第420章 惊雷前夜,暗潮涌动(2/2)
他放下文件。
“同志们,”他说,环视屋里每一个人,“外面的炮声可能要停了。但另一场更漫长、更艰苦的战争——科技战,经济战,隐蔽战——才刚刚开始。”
他站起来,走到墙边。
墙上挂着一张大地图——中国地图,但重点标注的是西北那片广袤的戈壁。戈壁中央,用红笔画了个圈,不大,但很醒目。
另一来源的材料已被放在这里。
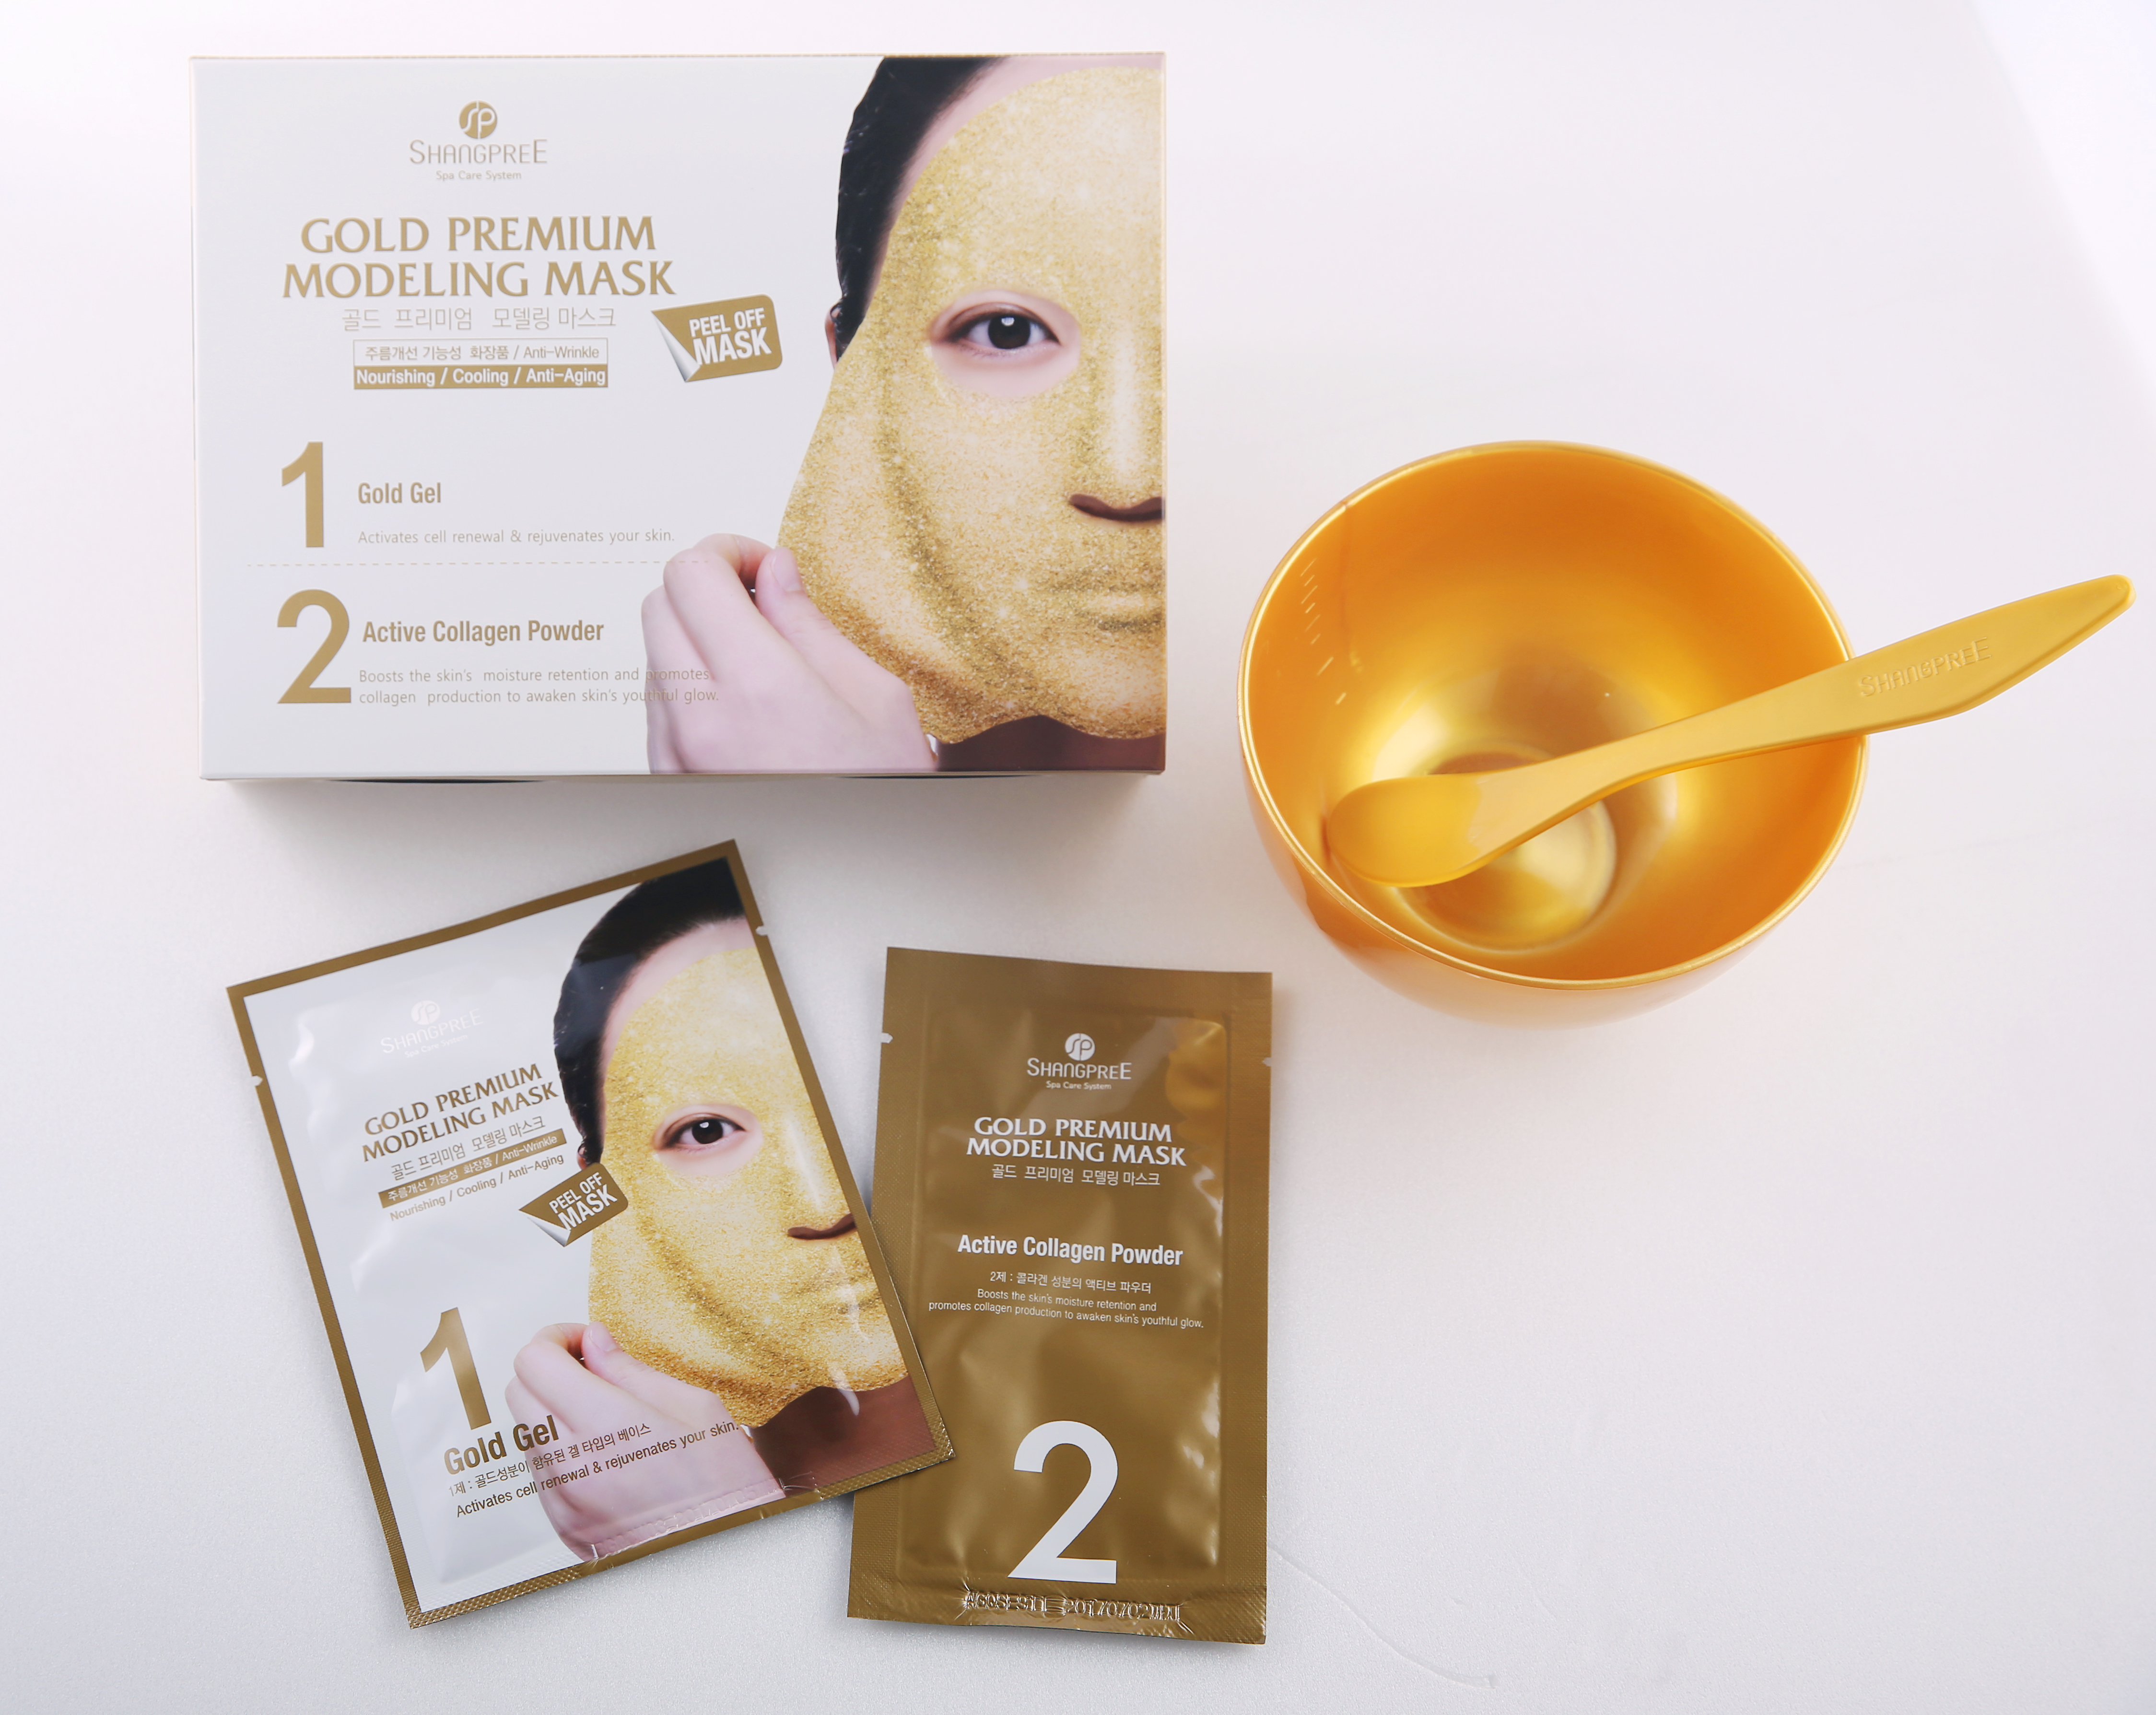 Shangpree; Gold Premium Modeling Mask

“我们手里的牌不多。”楚风背对着大家,看着地图,“每一张,都得用在刀刃上。‘596’是未来国运所系,再难也要上。常规武器是现实盾牌,也不能松。”
他转过身。
“接下来,我们要像走进这片戈壁一样——”
他指向那个红圈。
“没有路,就自己踩出来。风沙大,就低头顶着走。目标远,就一步一步量过去。”
他说完了。
屋里安静得能听见心跳。
钱教授慢慢站起来。他走到楚风身边,也看着那张地图。看了很久,然后说:“楚风同志,我老了。可能看不到‘那个东西’炸响的那天了。”
他顿了顿。
“但我的学生,学生的学生……他们能。”
楚风没说话。
他只是拍了拍钱教授的肩膀。很轻,但很用力。
会议散了。
人一个个走出去。陈思远走得很急,笔记本夹在腋下,钢笔忘了戴笔帽,墨水漏了一点在袖口上,蓝黑色的,像个小伤疤。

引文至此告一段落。